The second approach involves the identification of interactions between peripheral, within-meal, satiety signals and hypothalamic peptide systems involved in overall energy balance. We are currently examining how the activity of hypothalamic leptin, NPY, CCK, CFR, CART and melanocortin systems interact with ascending satiety pathways to alter meal size. We are also investigating how alteration in cellular energy availability and production are transduced into changes in food intake and body weight.
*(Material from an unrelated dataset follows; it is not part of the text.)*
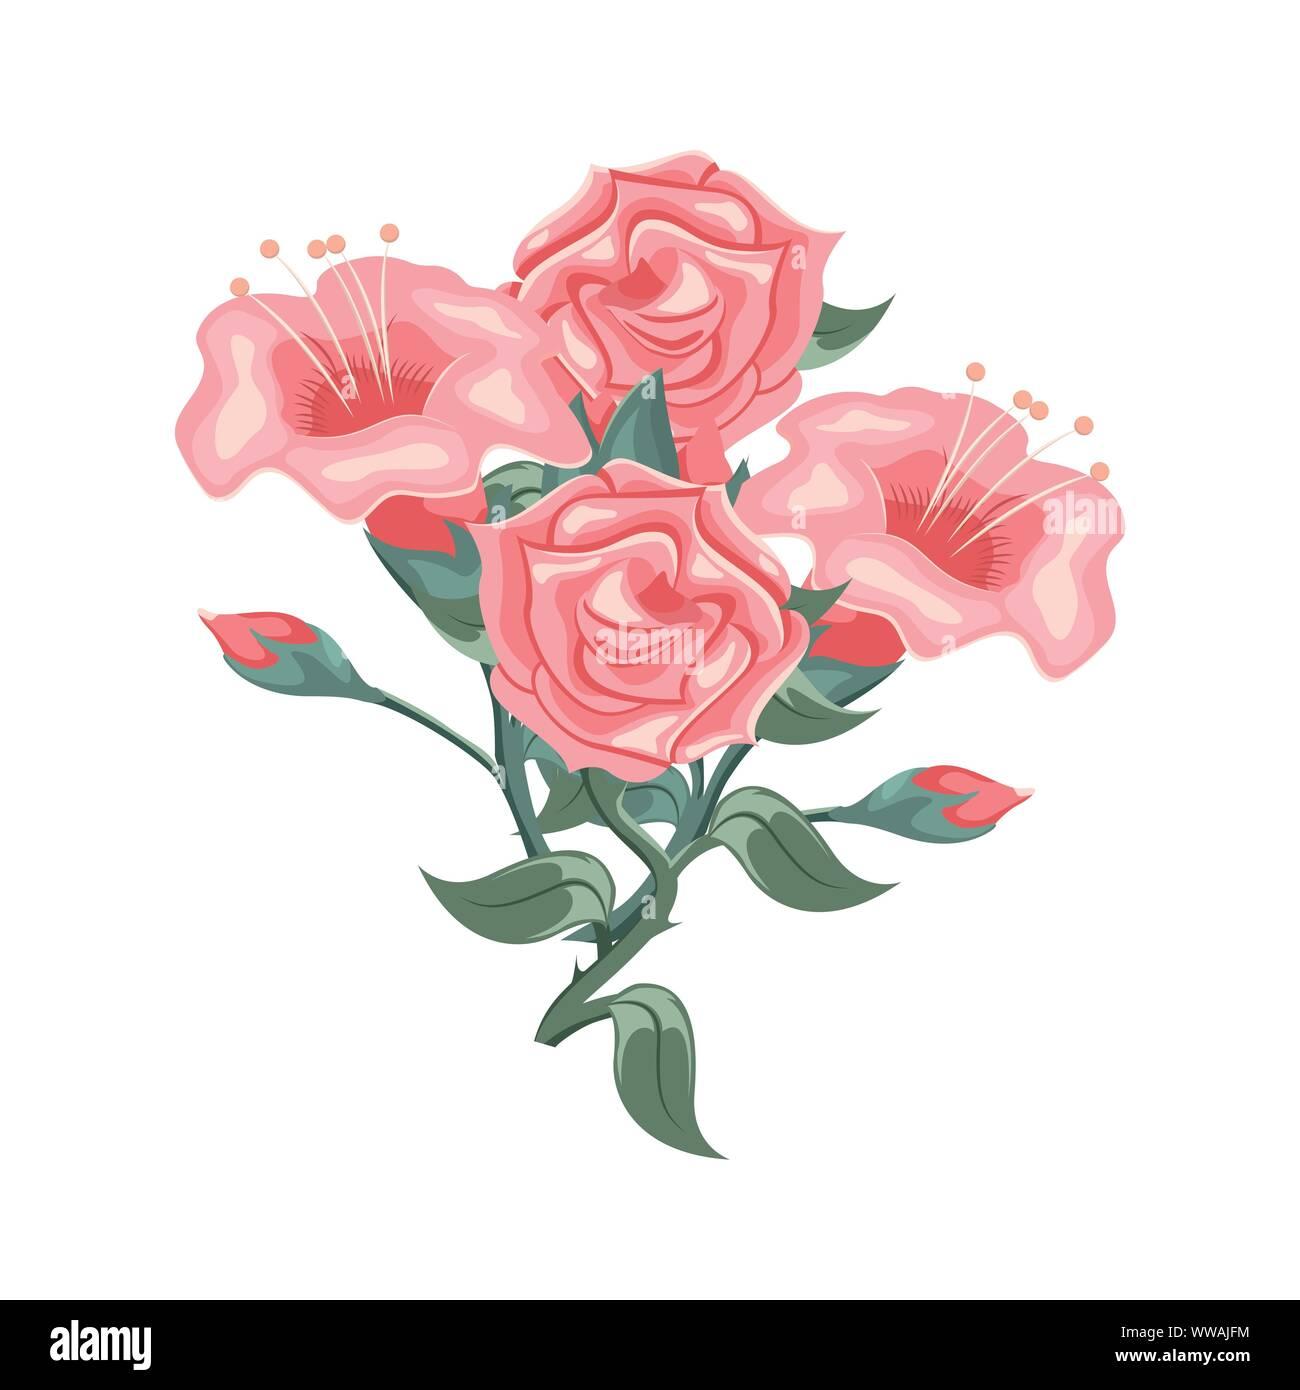 Conjunto De Hermosas Rosas Rosas Y Tulipanes Arreglos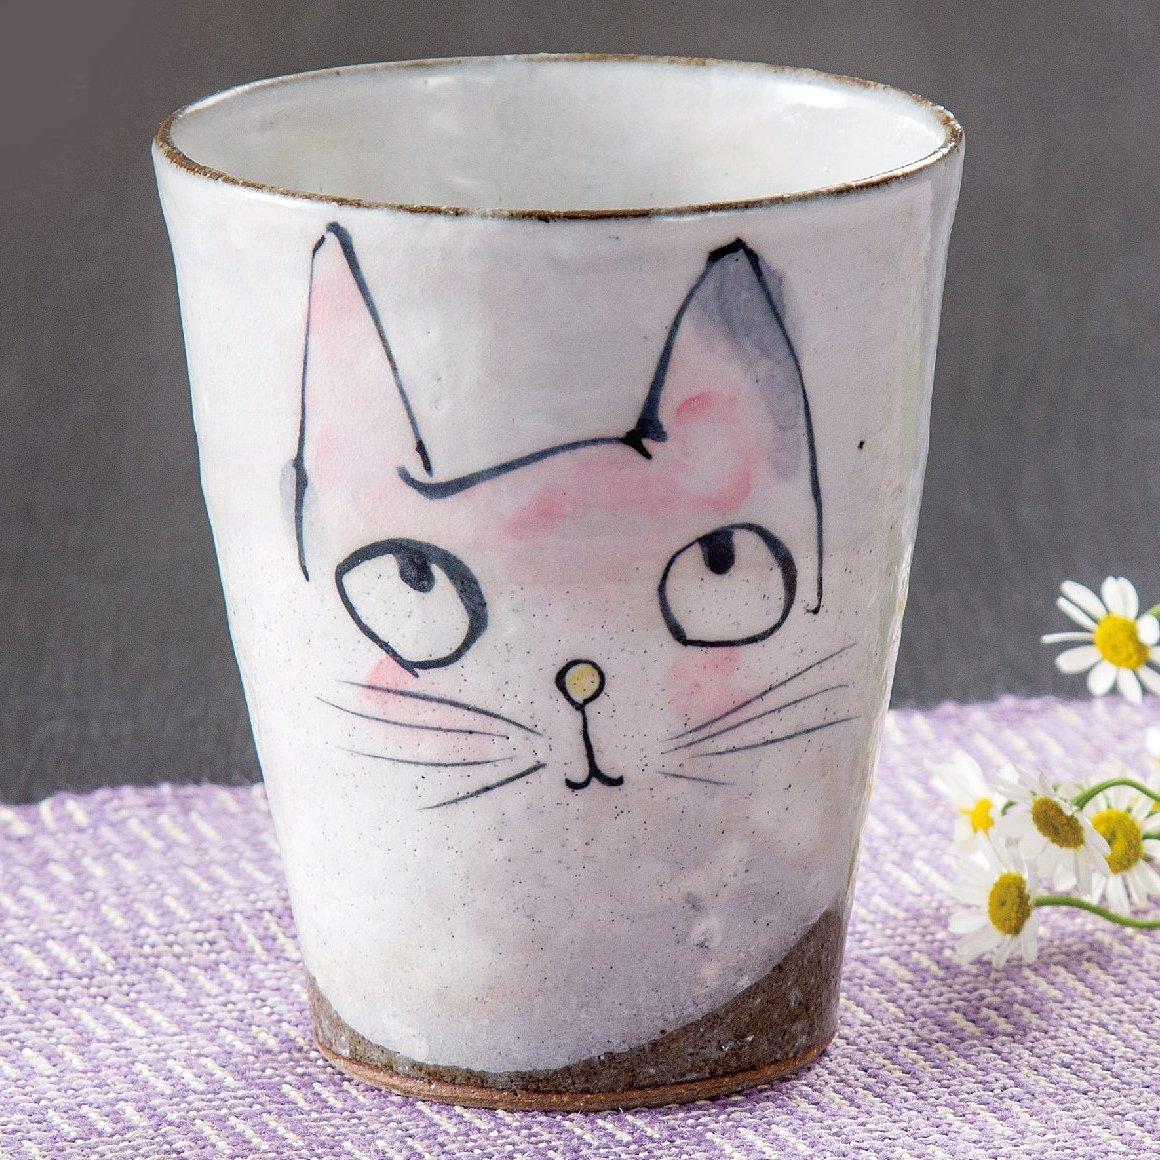 九谷焼ギフト ご贈答品 御祝い 九谷焼フリーカップ おとぼけ猫 東孝子

These experiments focus on the de novo fatty acid synthesis pathway in critical hypothalamic sites and take advantage of a novel group of chemicals that inhibit the production of fatty acids and/or stimulate fatty acid oxidation. We are examining how exercise not only increases energy expenditure but also reduces food intake. These experiments focus on the regulation of peptide gene expression in hypothalamic systems involved in energy balance.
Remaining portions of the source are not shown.